Ксения стояла на крыльце своего волжского дома, вдыхая запах травы и реки. Солнце клонилось к закату, окрашивая воду в золотой и розовый. Она приехала сюда на следующий день после разговора со свекровью, чтобы проветрить голову. Тишина обнимала, как старый друг. Только пели птицы, да где-то вдалеке лаяла собака.

– И как я ей откажу? – пробормотала Ксения, глядя на реку. – Это же мама Димы.

Дима, её муж, был в командировке в Питере. Он, как всегда, оставил семейные разборки на неё. «Мам, ты с Ксюшей поговори, она у нас добрая», – сказал он по телефону, и Ксения мысленно выругалась. Добрая, конечно. Но не настолько, чтобы делить свой уголок покоя с Тамарой Петровной, которая вечно всех поучает и считает, что знает, как лучше.

Ксения достала телефон, набрала номер мужа.

– Дим, твоя мама хочет на лето в наш дом, – выпалила она, едва он ответил.

– Ну и пусть поживёт, – голос Димы был лёгким, будто он предлагал чашку чая. – Ей полезно. Воздух, природа. Она же не вечно там будет.

– Дима, – Ксения сжала телефон так, что пальцы побелели. – Это мой дом. Я там работаю. У меня заказ на книгу, сроки горят.

– Ксюш, не драматизируй, – он засмеялся. – Мама не будет тебе мешать. Она вообще тихая.

– Тихая? – Ксения чуть не поперхнулась. – Она вчера полчаса мне рассказывала, как я неправильно картошку чищу!

– Ну, это же мама, – Дима вздохнул. – Слушай, я на встрече. Давай ты сама решишь?

Ксения бросила телефон на стол и уставилась на реку. Решить. Конечно. Как всегда, всё на неё.

Через неделю Тамара Петровна стояла на том же крыльце, где ещё недавно Ксения искала покой. В руках у свекрови был старый чемодан, а за спиной – рюкзак, из которого торчала деревянная рамка.

– Ну вот, приехала, – Тамара Петровна улыбнулась, но в её глазах читалось торжество. – А ты боялась, что я тебе мешать буду.

– Я не боялась, – Ксения заставила себя улыбнуться. – Просто… место тут для работы.

– Работа, работа, – свекровь махнула рукой. – Ты, Ксения, слишком серьёзно к этому относишься. Жизнь – она для жизни, а не для дедлайнов.

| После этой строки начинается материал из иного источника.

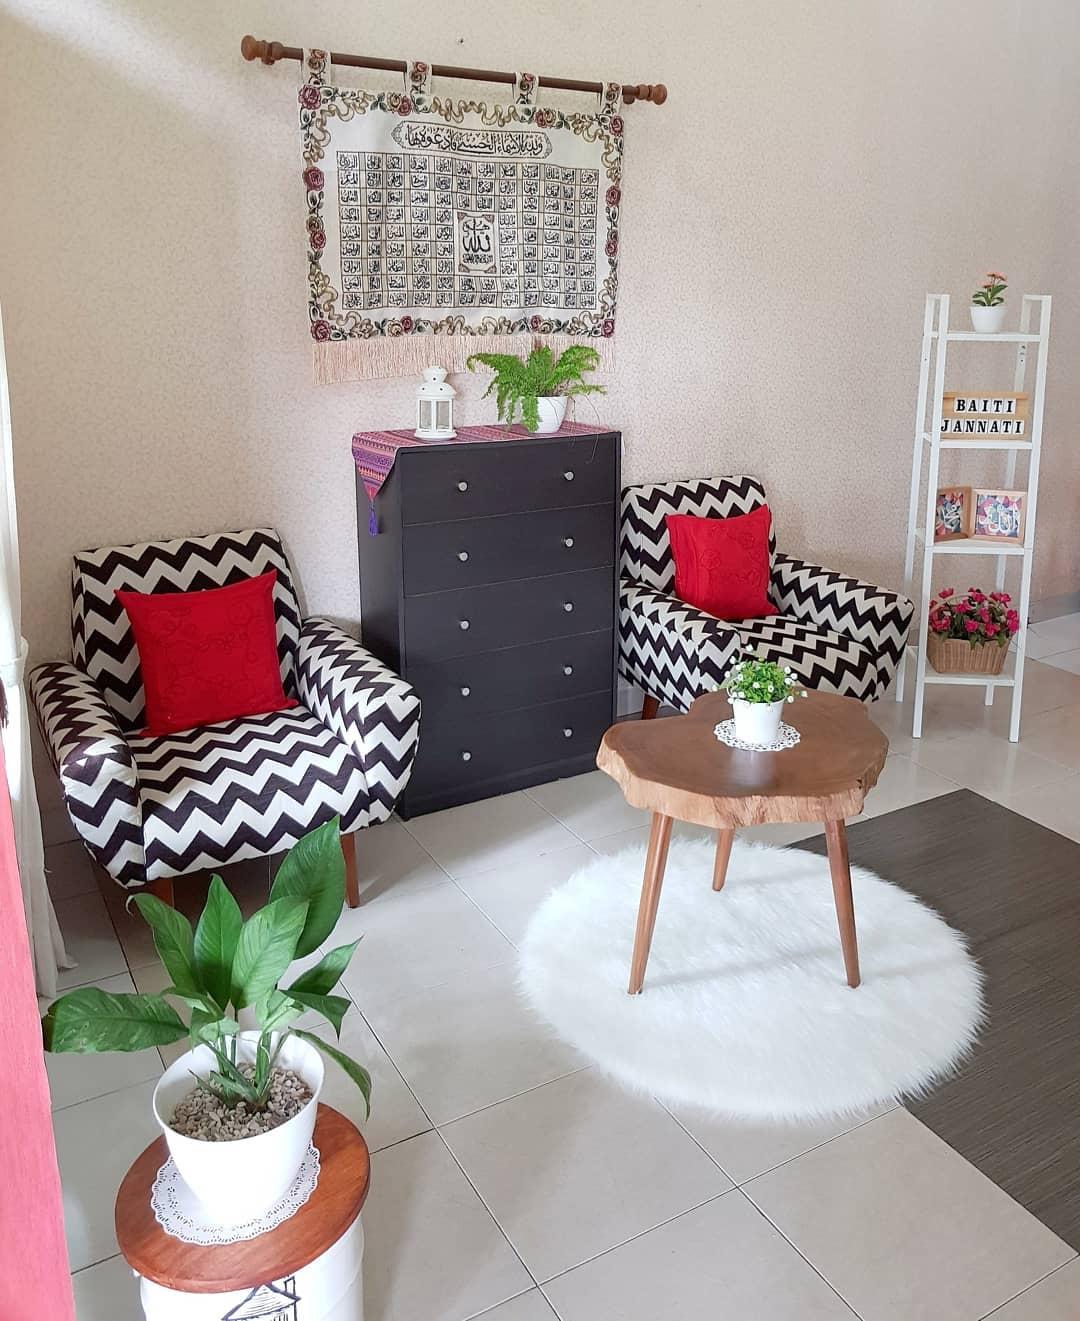 Jual Rak Besi 4 Susun Cocok Untuk Ruang Tamu Rumah Minimalis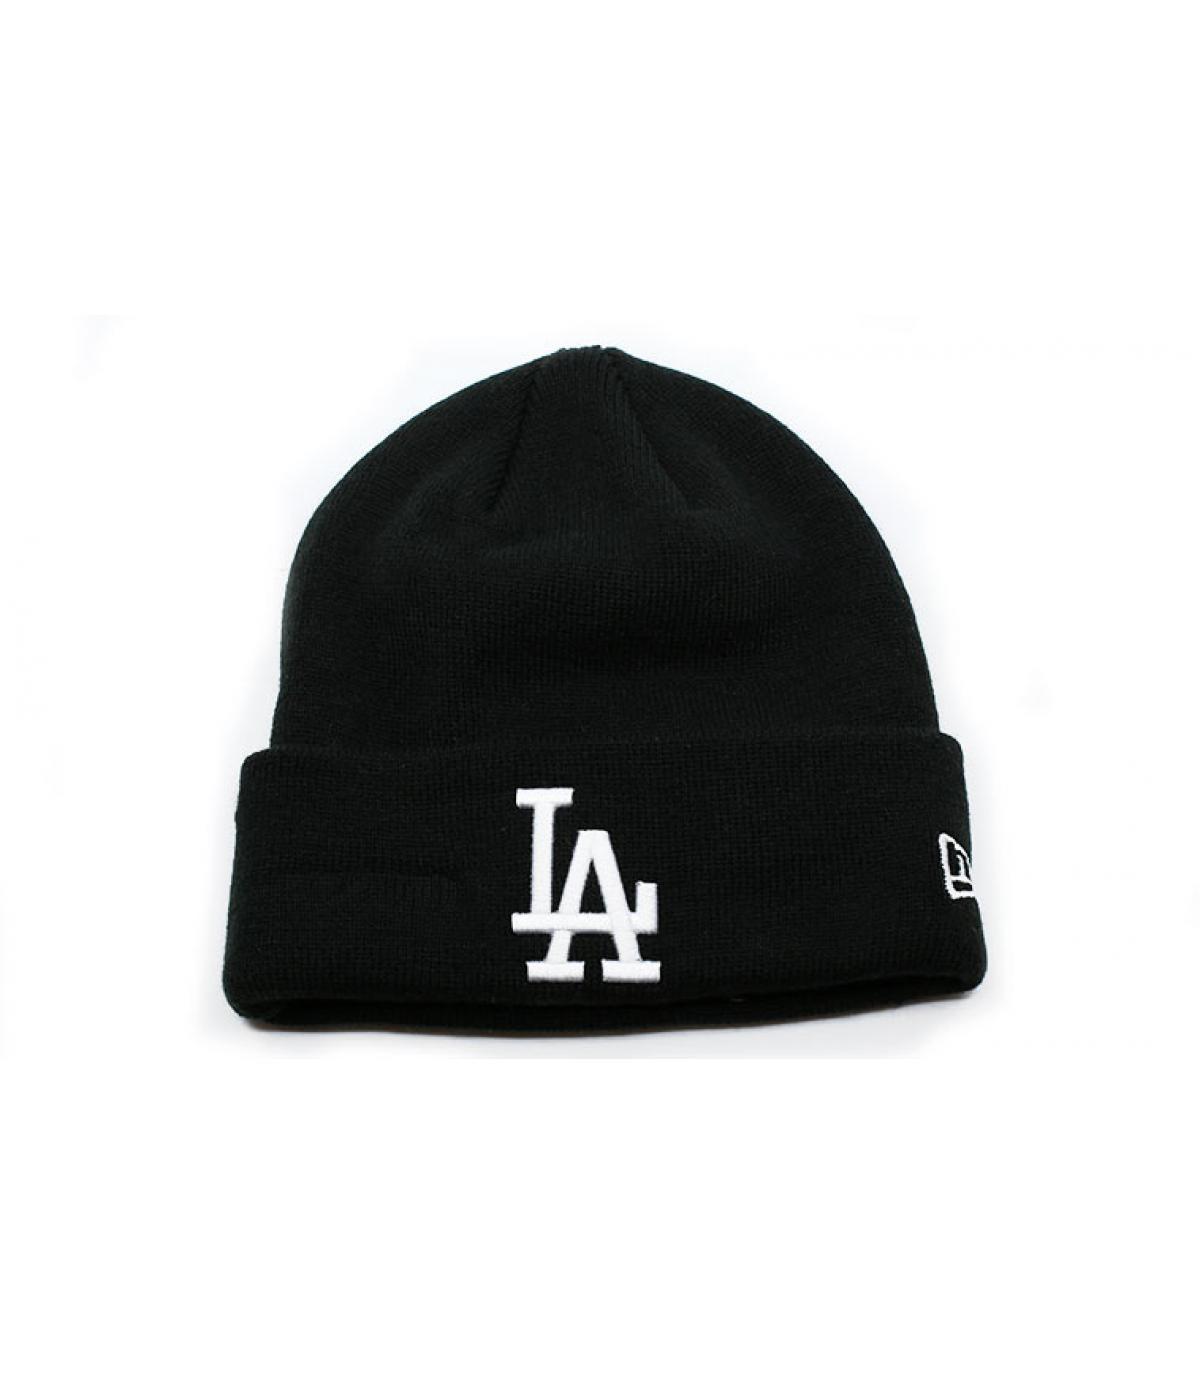 Détails Bonnet MLB Essential Cuff LA black white - image 2

Ксения промолчала, помогая занести вещи. Дом был маленький: гостиная с камином, кухня, спальня и веранда, где Ксения устроила свою мастерскую. Теперь, похоже, веранду придётся делить.

– Я на диване в гостиной лягу, – заявила Тамара Петровна, оглядывая дом. – А ты где спишь?

– В спальне, – Ксения старалась не выдать раздражения. – Но я поздно работаю, могу шуметь.

– Ничего, я крепко сплю, – свекровь подмигнула. – А ты рисуешь свои картинки, да?

– Иллюстрации, – поправила Ксения. – Для детской книги.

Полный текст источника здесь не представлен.